**DATA EXTRACT:**
▼▼▼
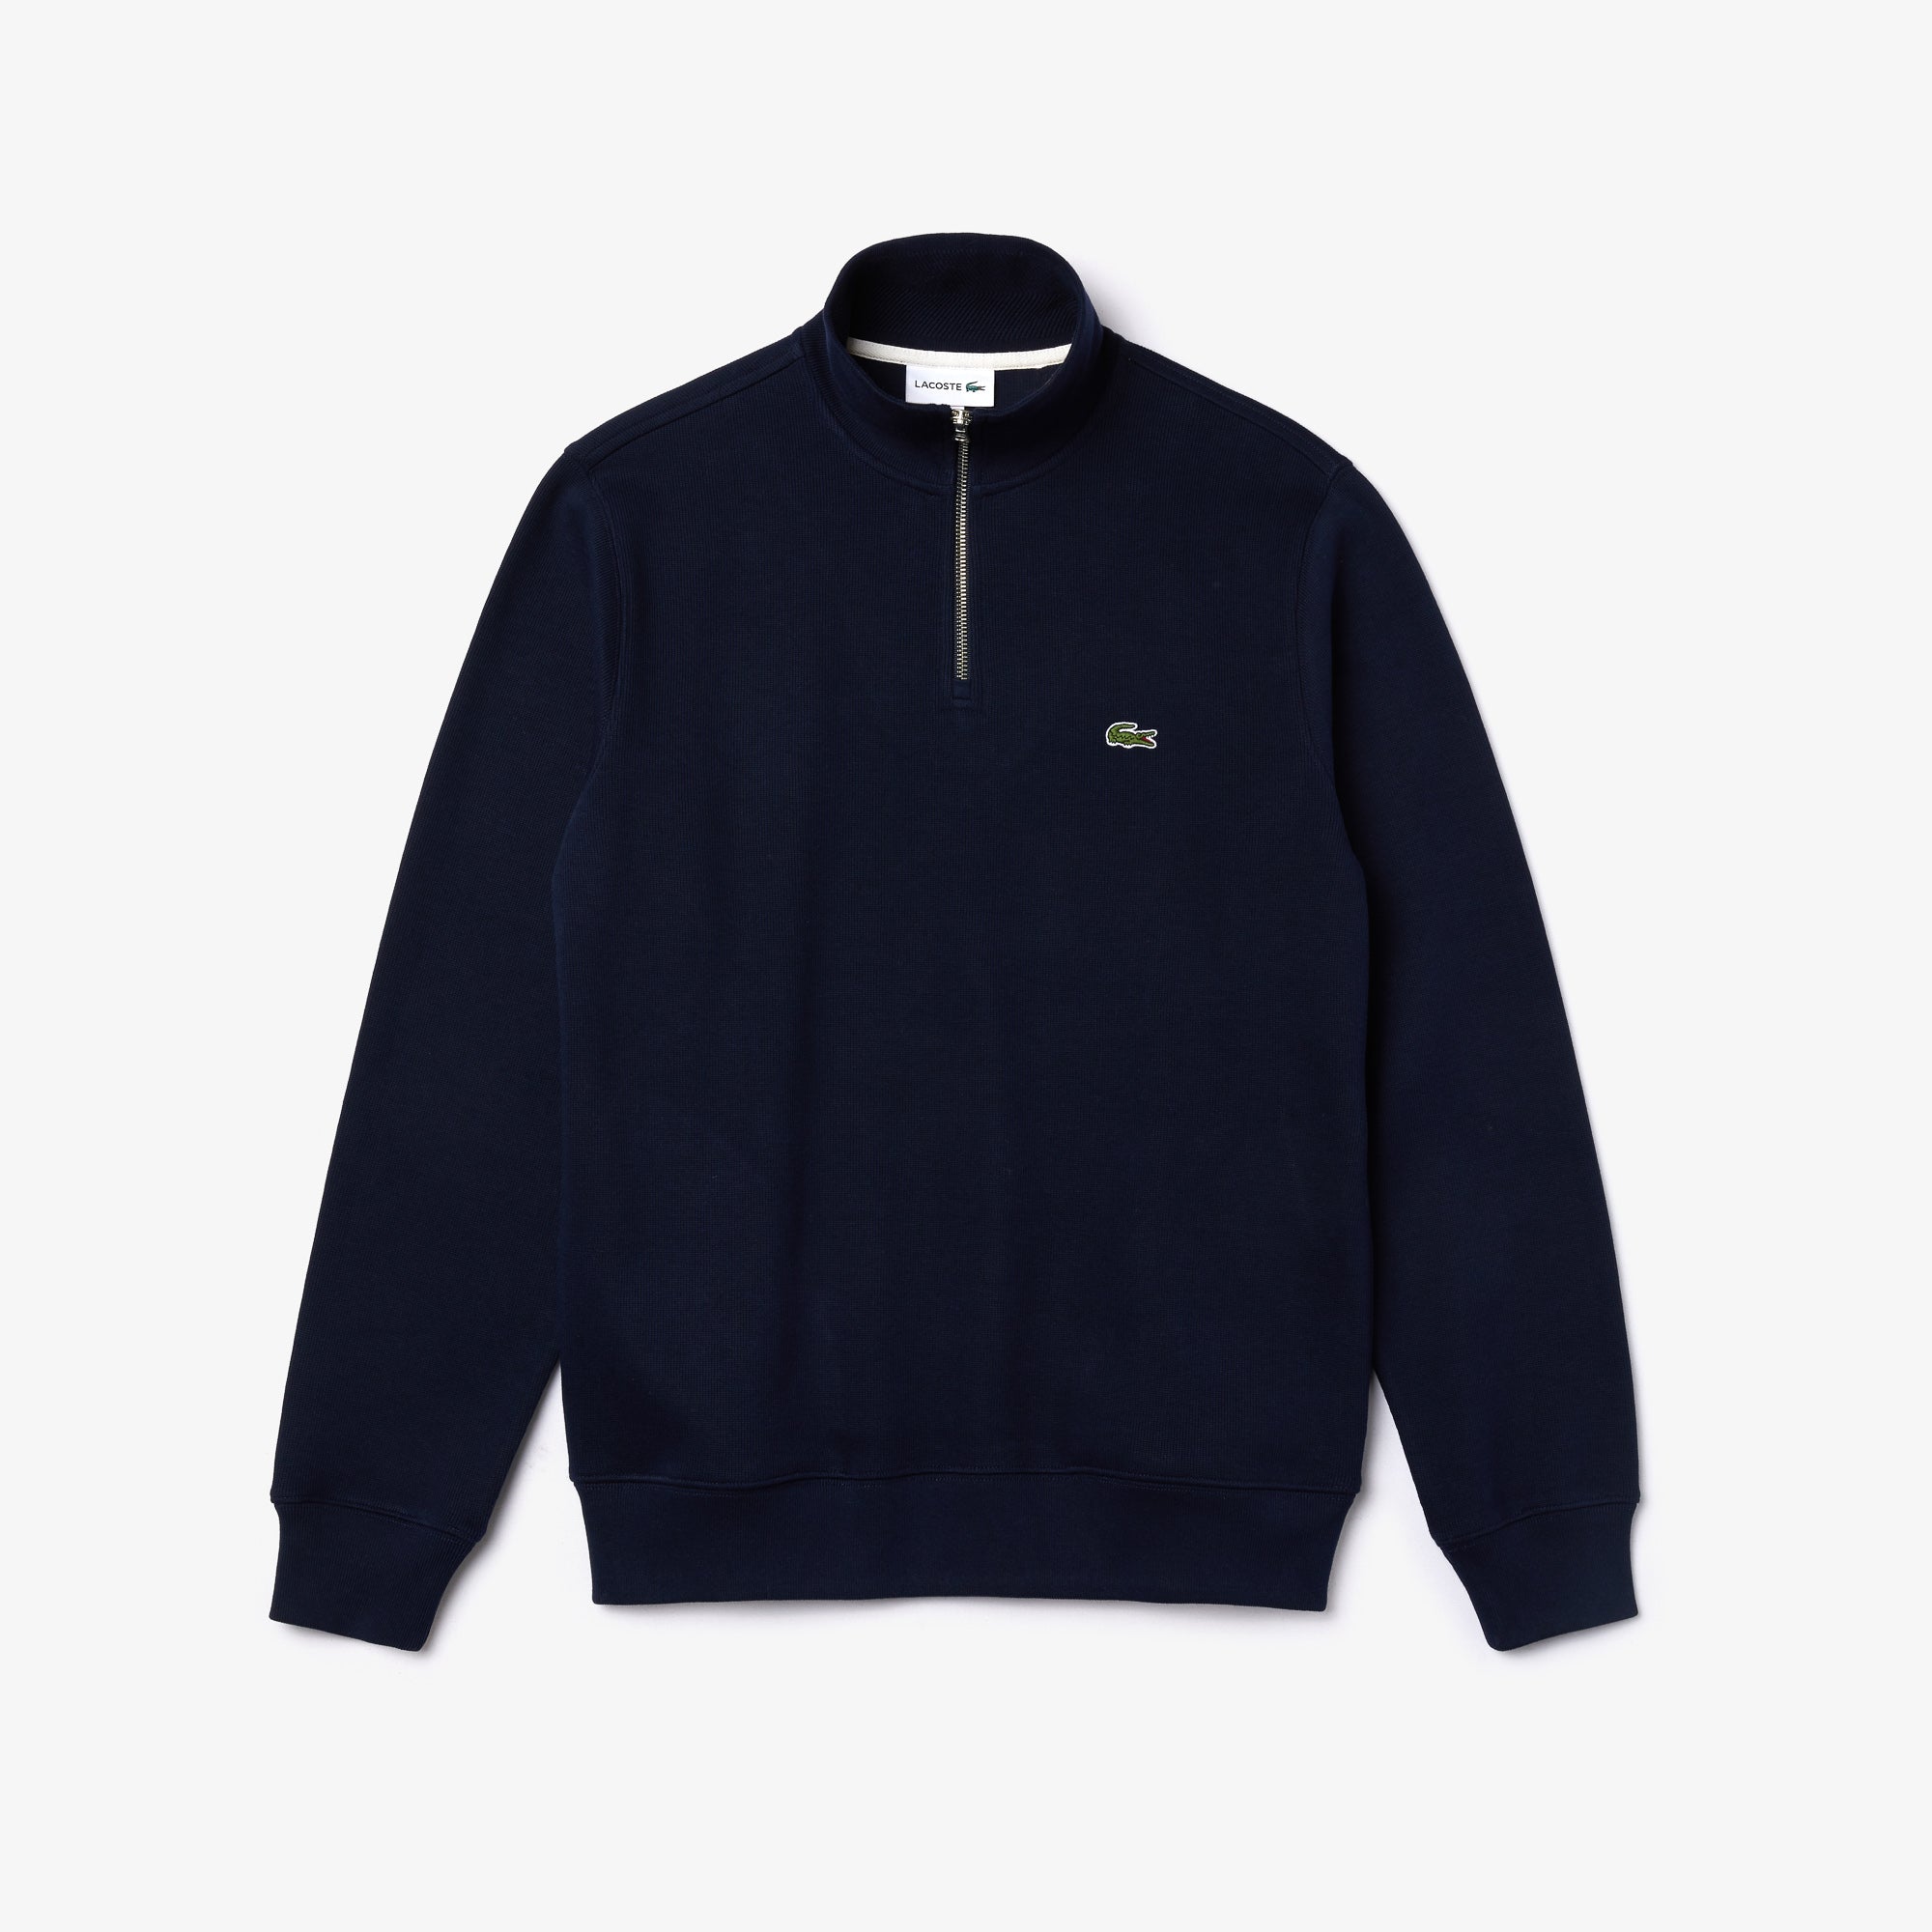 Sweatshirt men's cotton with stand-up collar and zipper - 166 NAVY BLUE
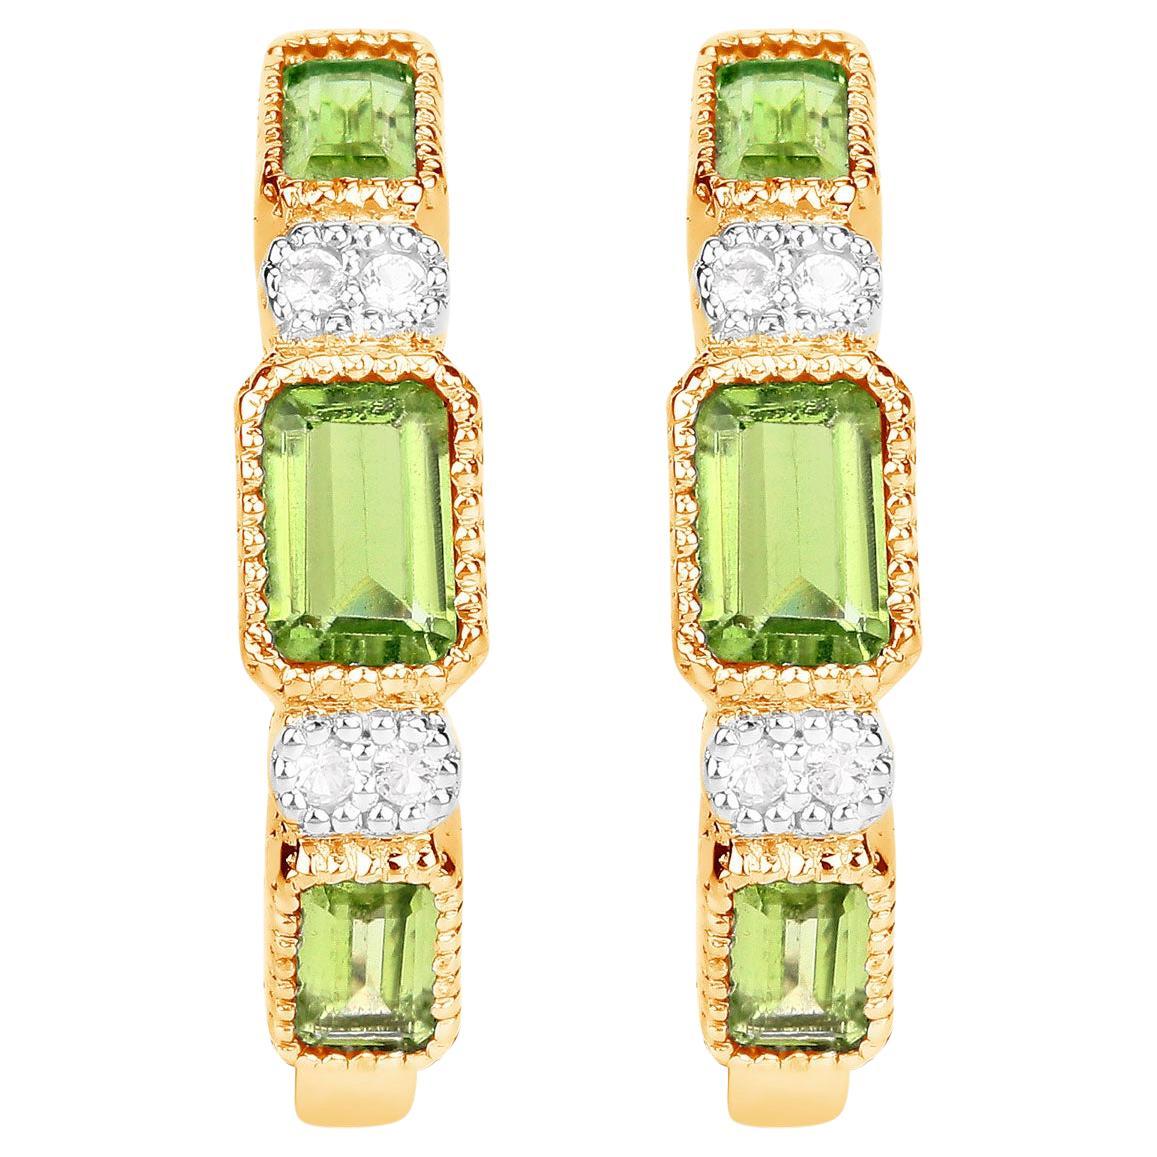 Natural Peridot Hoop Earrings White Topaz 2.44 Carats 14K Gold Plated Silver
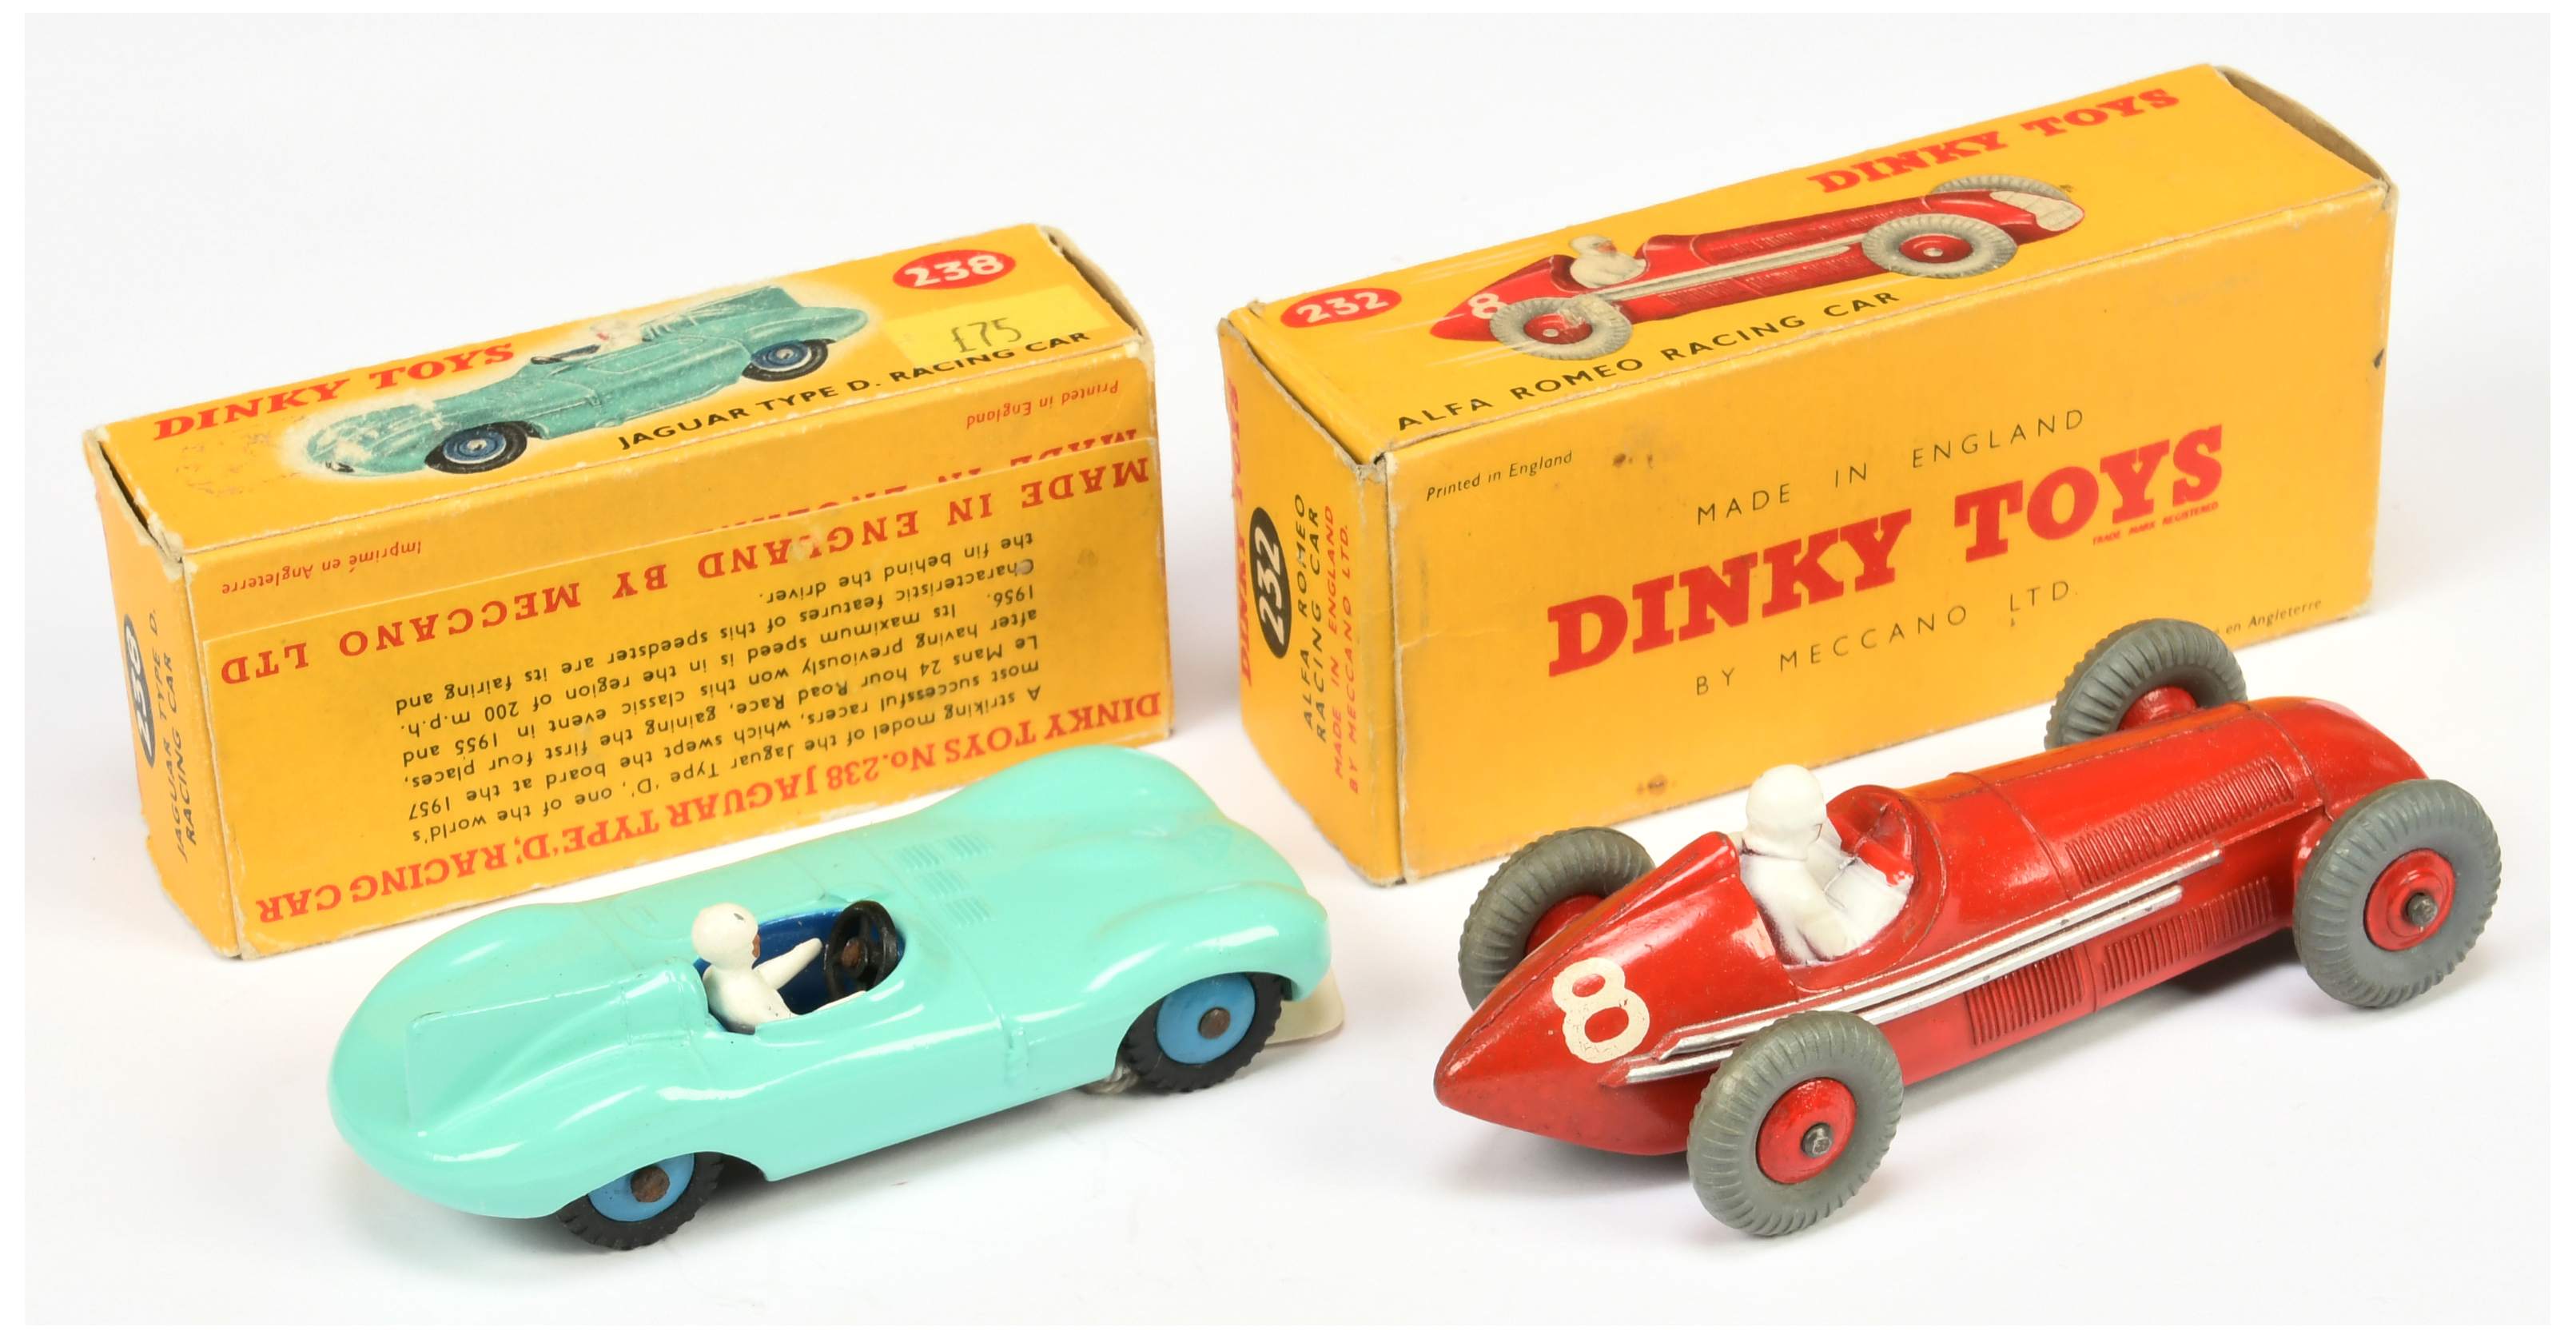 Dinky Toys 232  Alfa Romeo racing Car - red body and rigid hubs, silver grille and 238 Jaguar Typ... - Image 2 of 2
▲▲▲
**YOUR INSTRUCTIONS:** A word-for-word copy is required of the lines above from the line with "Natural Peridot Hoop" through the last line of the data; no other lines and no pictures belong in it.

**RESPONSE AREA:**
 Natural Peridot Hoop Earrings White Topaz 2.44 Carats 14K Gold Plated Silver
 Dinky Toys 232  Alfa Romeo racing Car - red body and rigid hubs, silver grille and 238 Jaguar Typ... - Image 2 of 2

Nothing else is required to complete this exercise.